Objective: To evaluate the blood ordering practice and blood transfusion for Caesarean sections at our institution and to compare the estimated blood loss between anaesthetists and obstetricians.
Methods: A review of 126 patients undergoing both elective and emergency Caesarean section was undertaken in 2002. Information collected included the number of blood units cross-matched preoperatively, type of surgery (emergency or elective), type of anaesthesia, parity of the patient, estimated blood loss by both anaesthetists and obstetricians, intraoperative and postoperative transfusion within 48 hours and pre and post operative haemoglobin (Hb) and haemocrit (Hct).
Results: A total of 215 units were cross-matched for 126 patients undergoing Caesarean section delivery. A small amount (9.5%) were transfused intraoperatively and 5.5% postoperatively. The average blood loss estimated by anaesthetists was 498 + 176 ml and that by obstetricians was 592 + 222 ml. The calculated blood loss based on patients blood volume and drop in Hct was 787 + 519 ml. The cross-match transfusion ratio was 9.7.
Conclusion: Only 13% of our patients needed blood transfusion. The mean blood loss was estimated to be more by the obstetricians as compared to the anaesthetists. We recommend that the practice of routine cross-match practice prior to Caesarean section should be re-looked by institutions practicing obstetric anaesthesia (JPMA 56:572;2006).
The management of bleeding in Caesarian Section (C Section) is a shared responsibility between obstetricians and anaesthetists. Major haemorrhage continues to be one of the most common causes of direct maternal death in obstetric practice.1 In the confidential enquiry into maternal deaths 2000-2002 in UK, 17 deaths were reported due to haemorrhage out of which 5 deaths were labeled as anaesthesia contributing due to substandard care.2
Different figures varying from less than 500 ml to more than 1000 ml have been quoted as estimation of blood loss associated with Caesarean section.3 There is also a wide variation in blood ordering practices for this surgery.4 Several factors like habit, training and medico legal concerns may be responsible in addition to difficulty in blood loss assessment in C sections.5 Over the last few years there has been growing concern for safety, cost and adequacy of blood utilization.

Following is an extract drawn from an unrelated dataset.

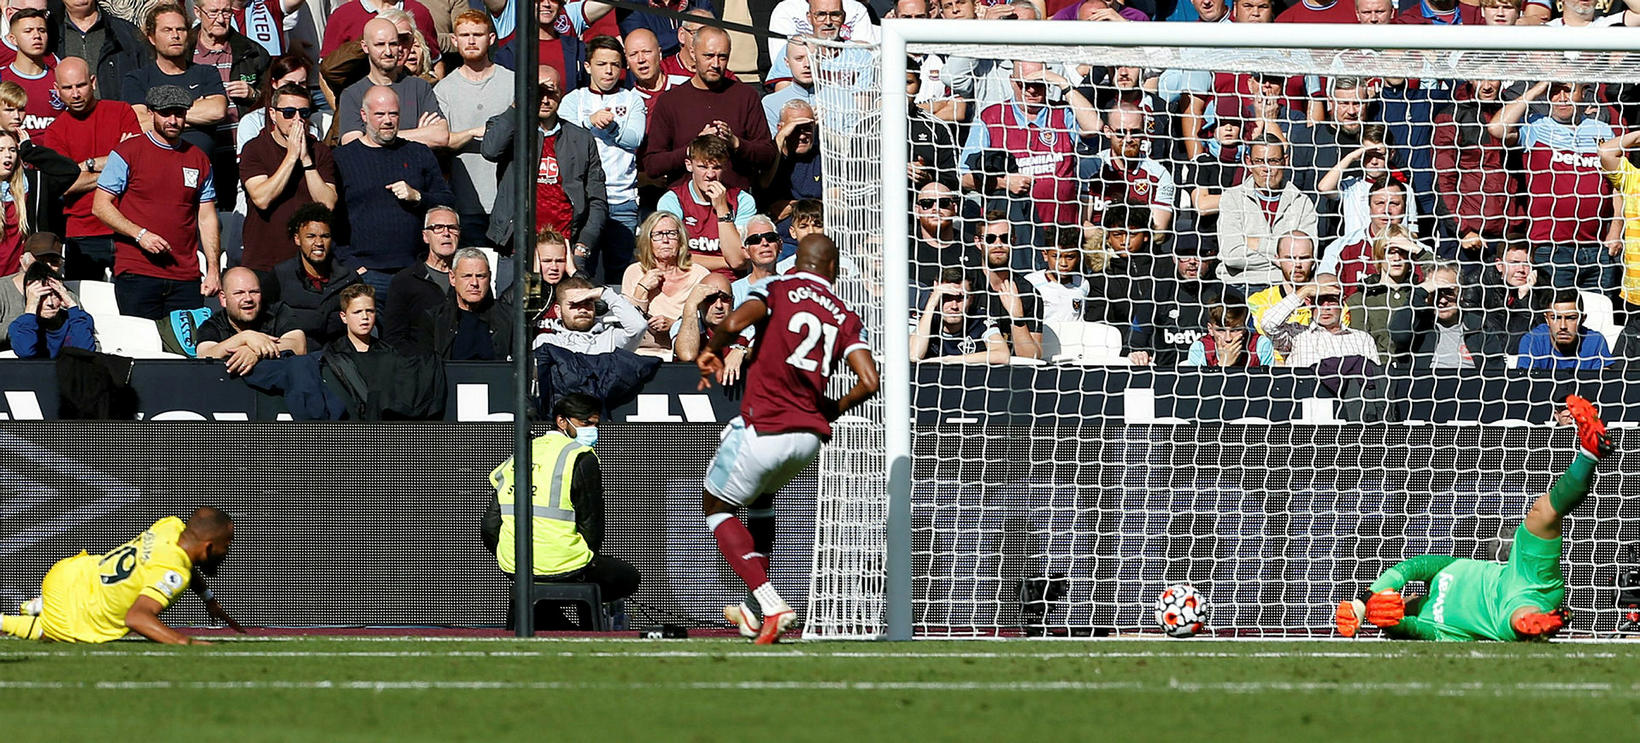 Bryan Mbeumo kemur Brentford yfir gegn West Ham í dag.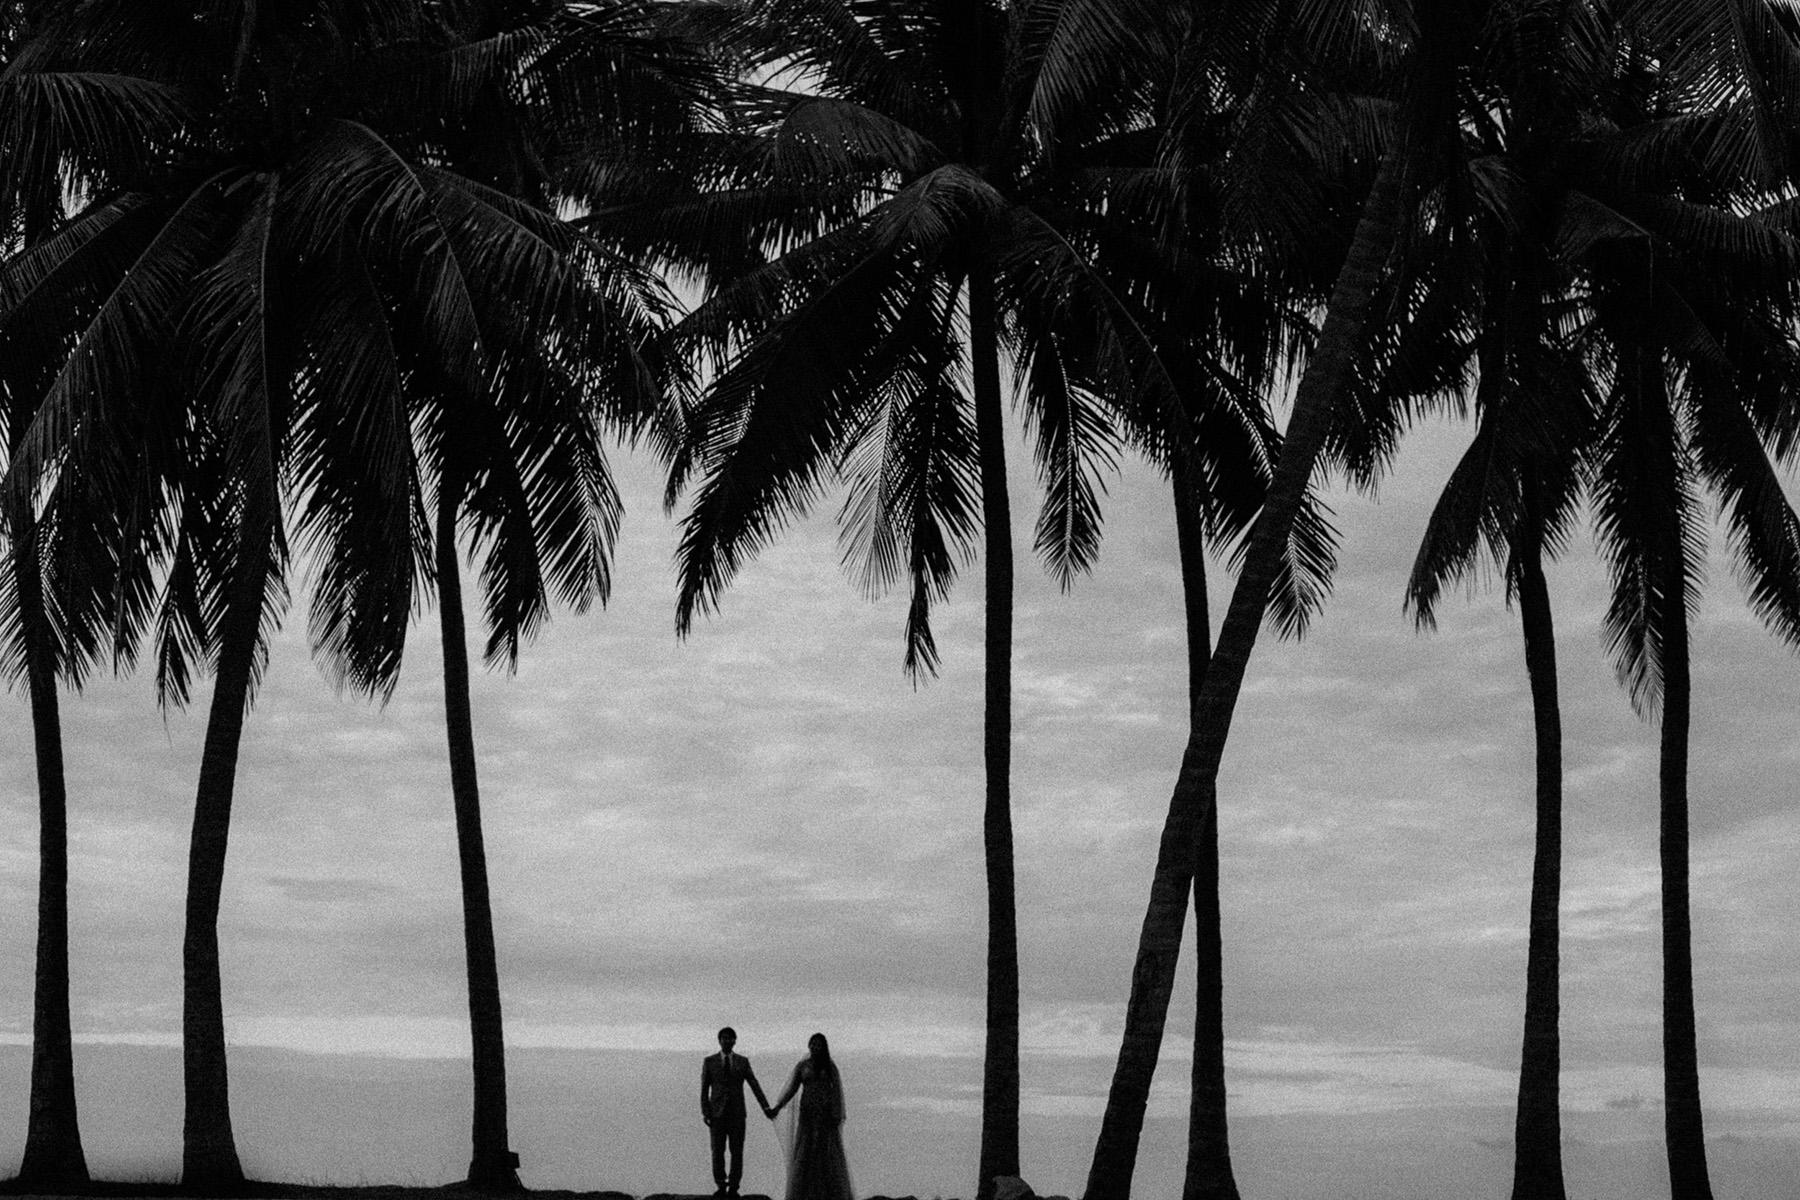 singapore-wedding-photographer-wemadethese-bw-057.jpg

Audits on blood utilization needed to identify problem areas which can be then corrected. The first step when reviewing transfusion practice is to see whether accurate assessment of blood loss is being done. This was the rationale for our audit.
The objective was to review the blood ordering practice for C section in our institution, to correlate it with the estimated intra-operative blood loss by both anaesthetist and obstetrician and to find the percentage of transfusion during caesarean section. A crossmatch transfusion (CT ratio) was also calculated.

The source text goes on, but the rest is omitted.